Exercise material =>
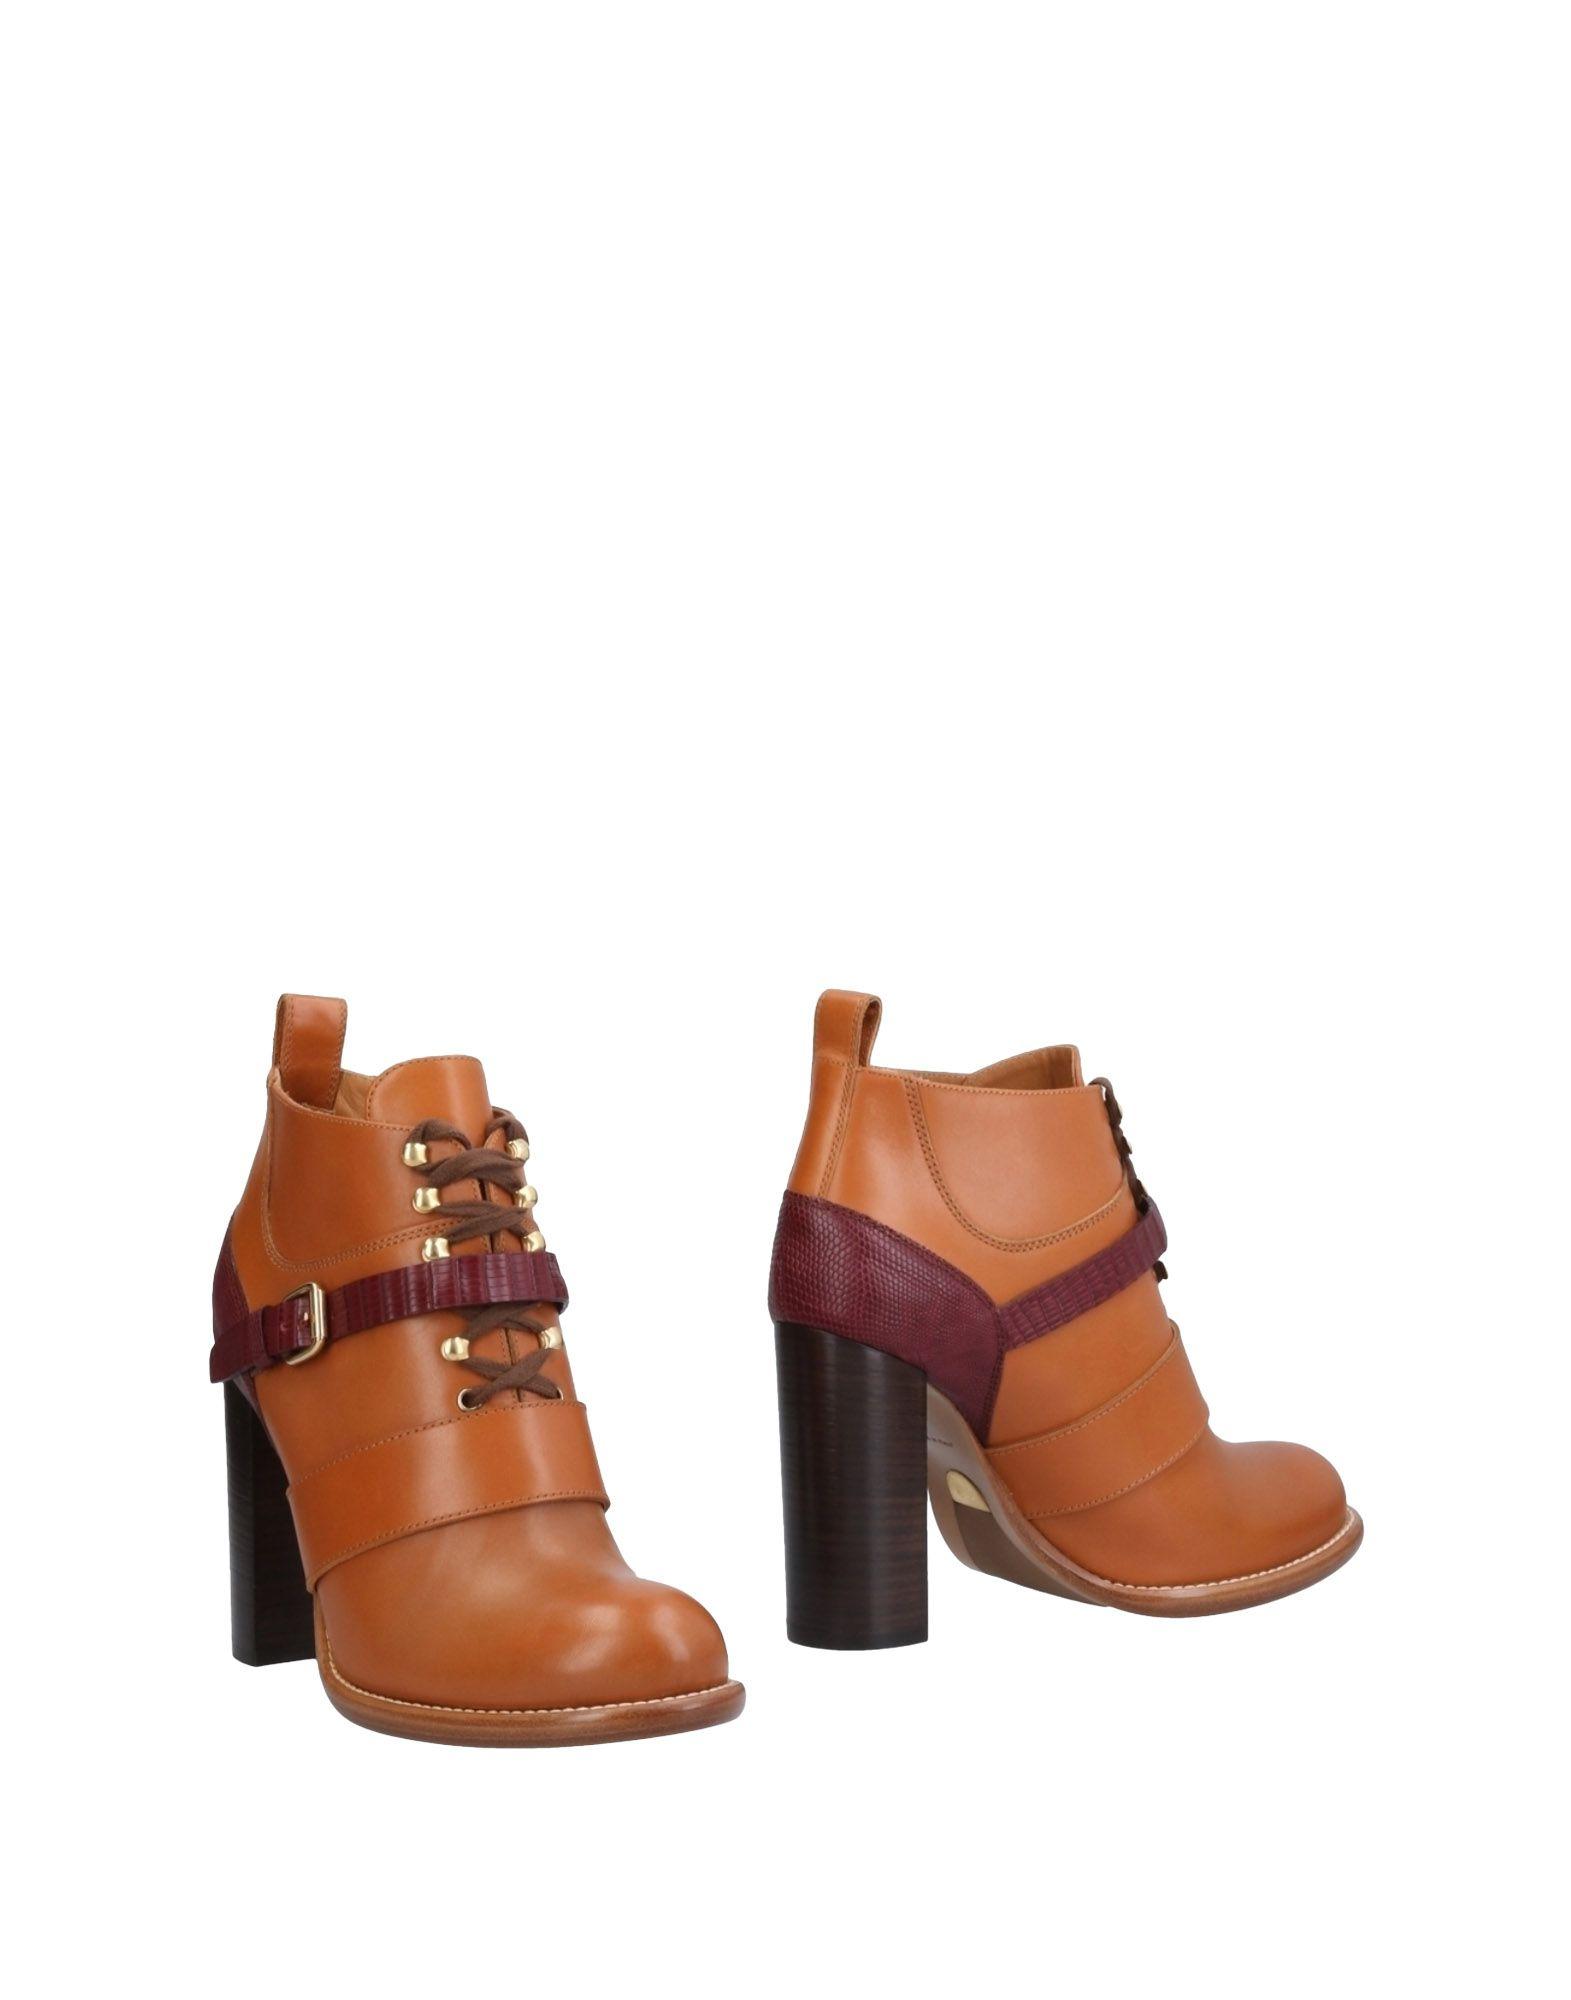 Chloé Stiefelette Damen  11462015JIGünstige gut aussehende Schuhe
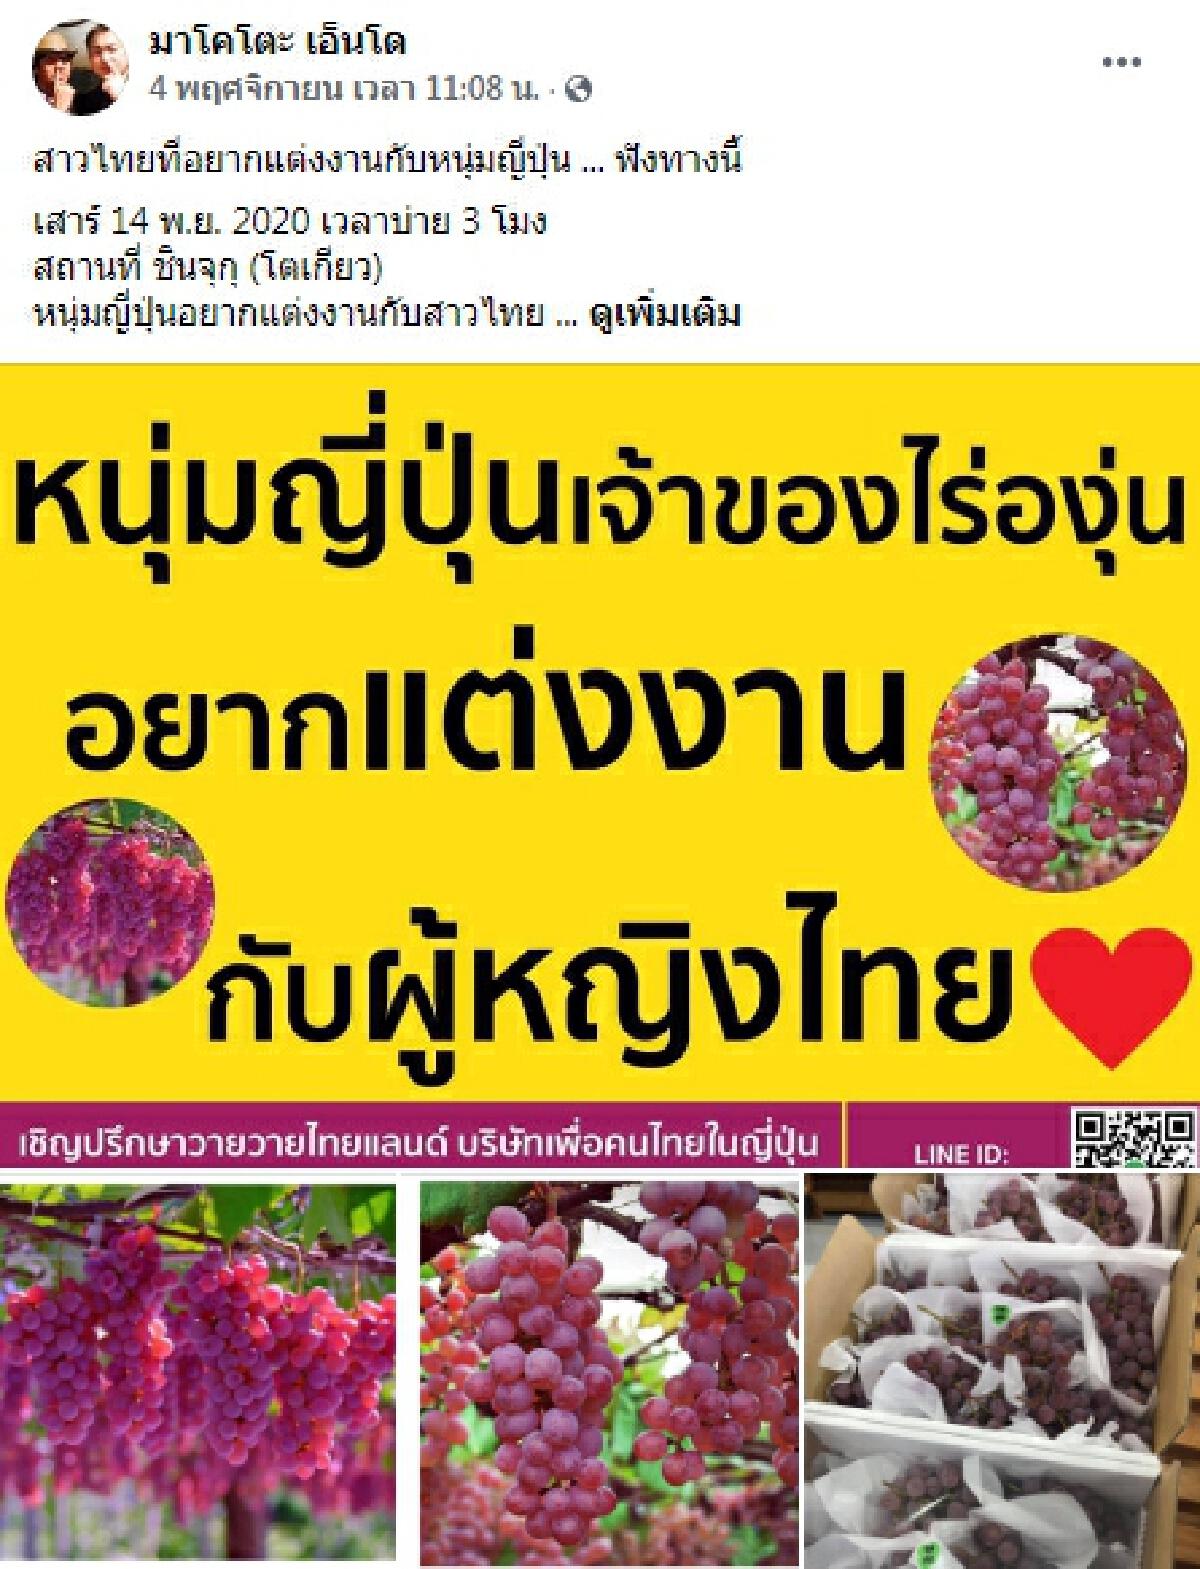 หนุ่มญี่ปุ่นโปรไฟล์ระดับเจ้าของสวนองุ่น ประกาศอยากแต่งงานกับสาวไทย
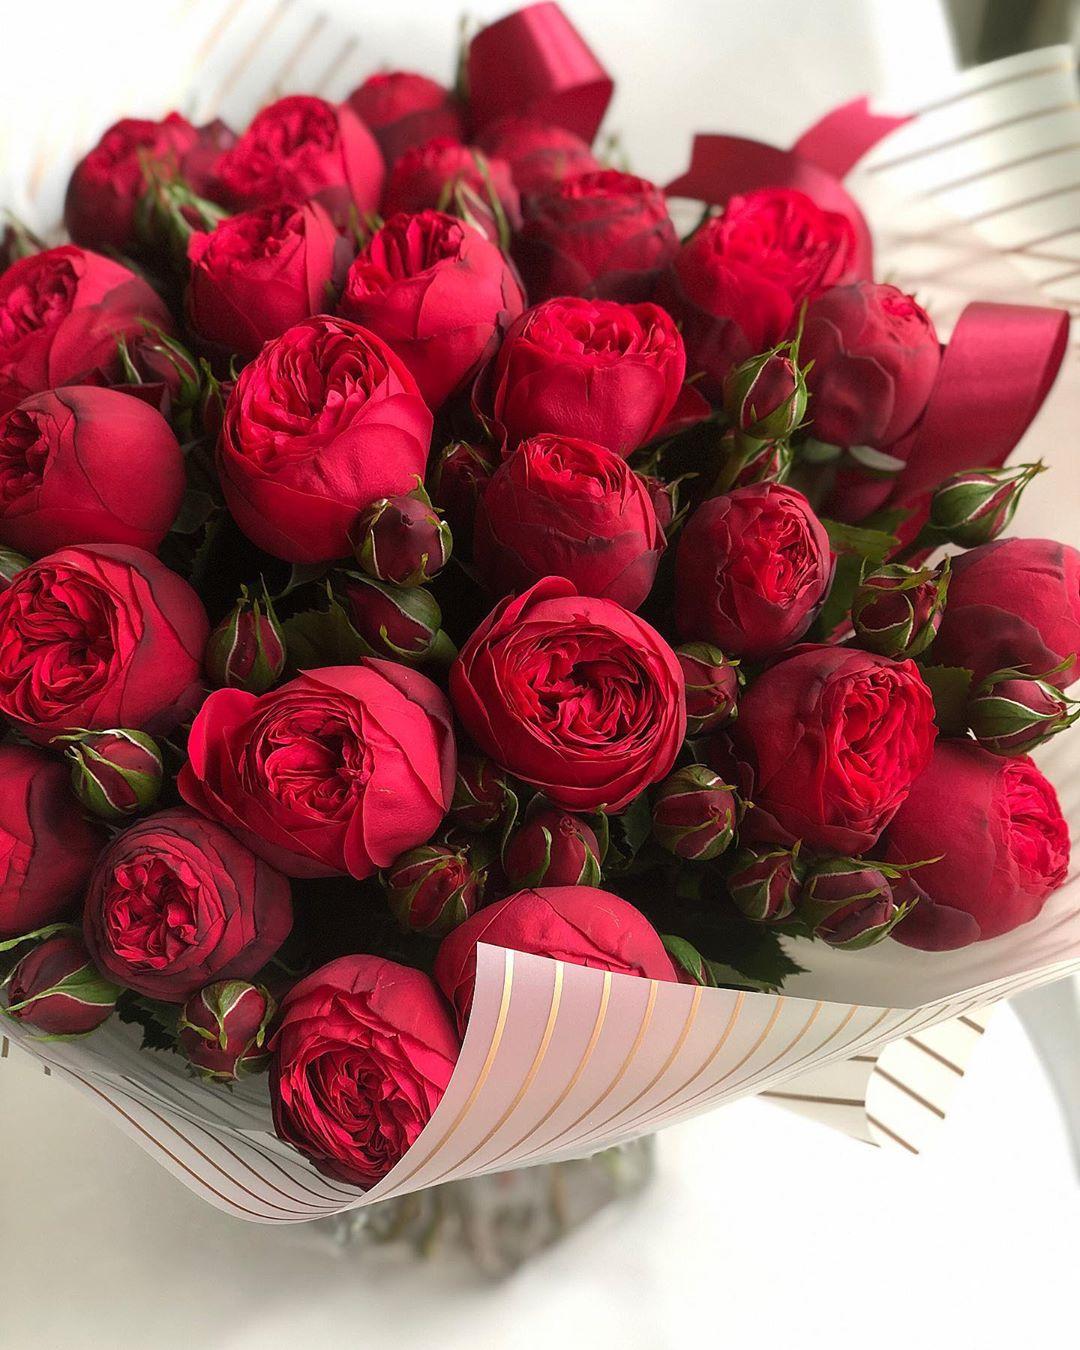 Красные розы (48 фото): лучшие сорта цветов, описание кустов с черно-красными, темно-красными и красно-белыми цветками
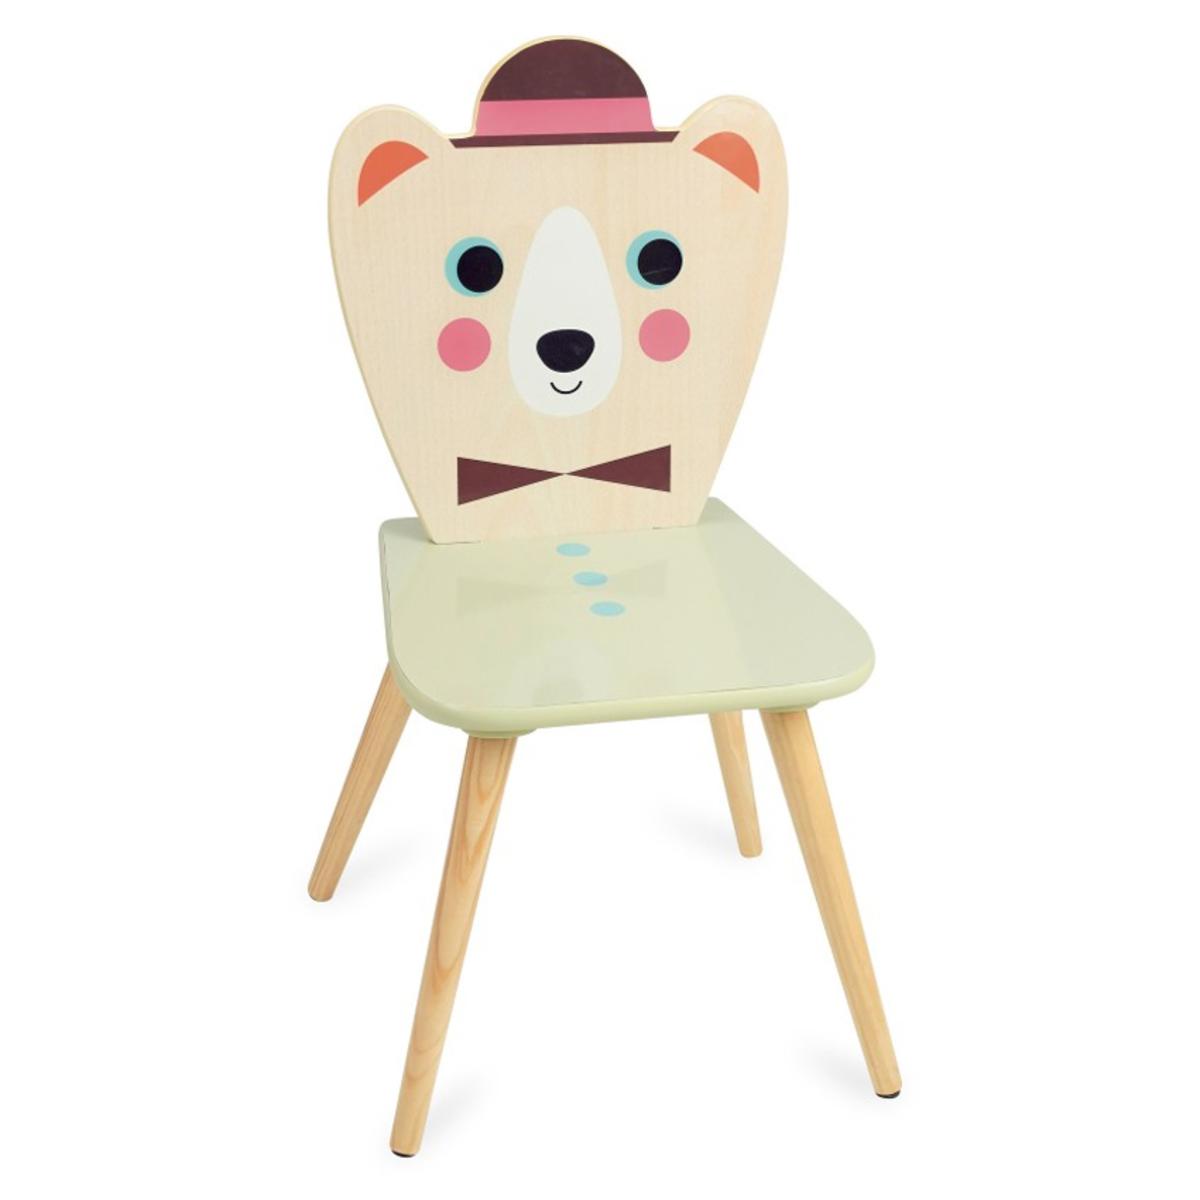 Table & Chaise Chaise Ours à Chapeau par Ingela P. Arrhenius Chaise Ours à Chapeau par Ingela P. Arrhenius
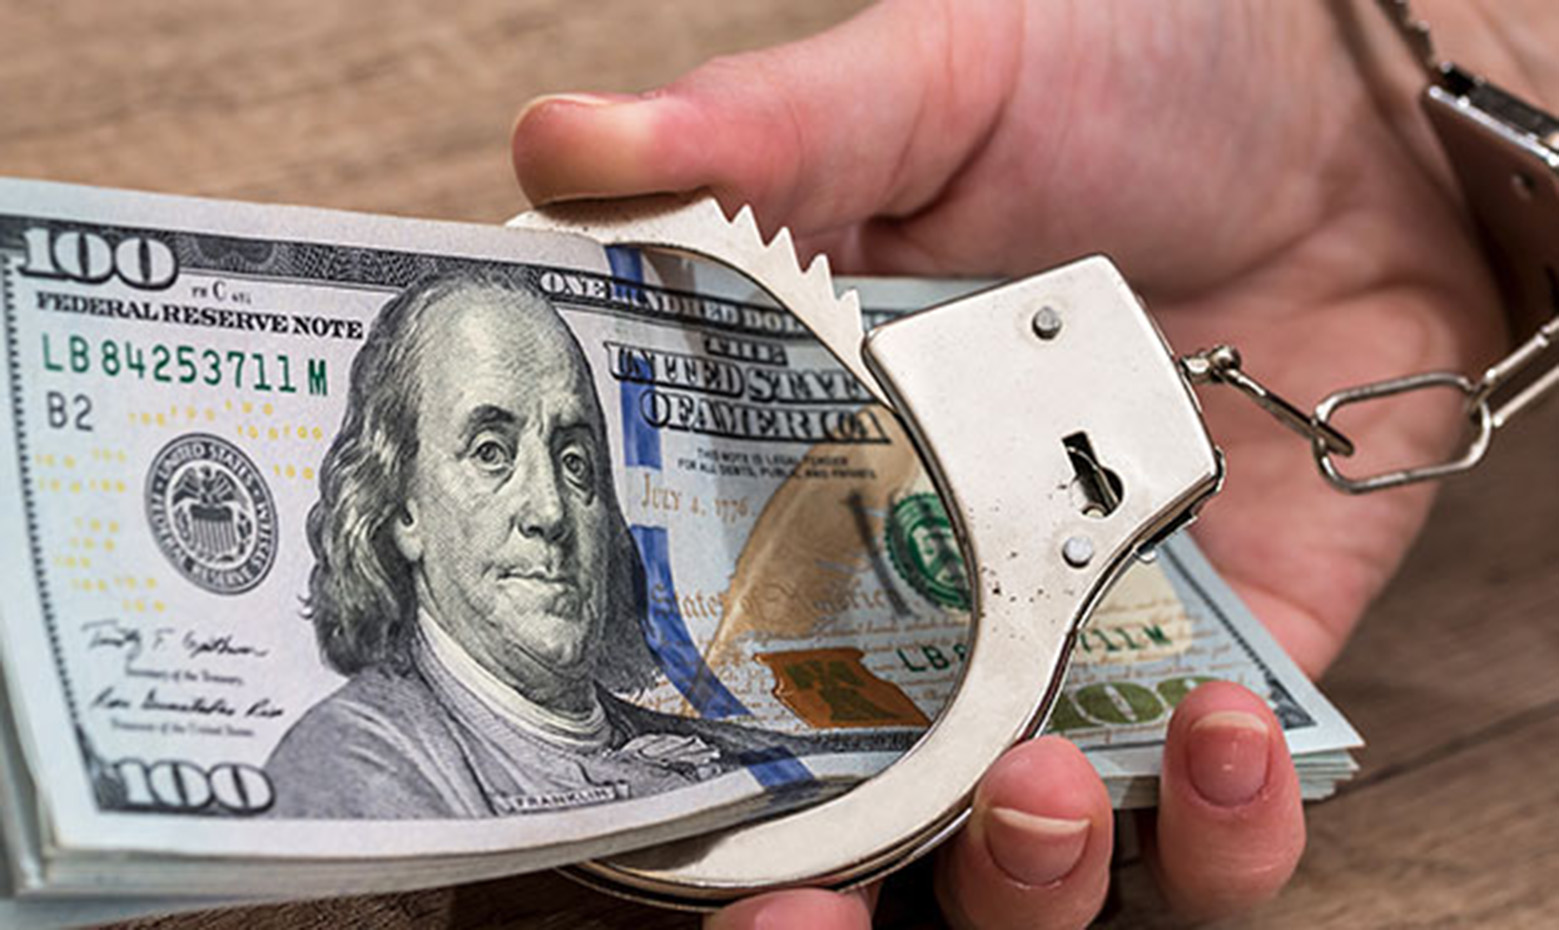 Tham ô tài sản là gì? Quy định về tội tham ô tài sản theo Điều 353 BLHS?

Assignment => Repeat each entry precisely as it appears. Leave the pictures out.

Result of this exercise =>
 Chloé Stiefelette Damen  11462015JIGünstige gut aussehende Schuhe
 หนุ่มญี่ปุ่นโปรไฟล์ระดับเจ้าของสวนองุ่น ประกาศอยากแต่งงานกับสาวไทย
 Красные розы (48 фото): лучшие сорта цветов, описание кустов с черно-красными, темно-красными и красно-белыми цветками
 Table & Chaise Chaise Ours à Chapeau par Ingela P. Arrhenius Chaise Ours à Chapeau par Ingela P. Arrhenius
 Tham ô tài sản là gì? Quy định về tội tham ô tài sản theo Điều 353 BLHS?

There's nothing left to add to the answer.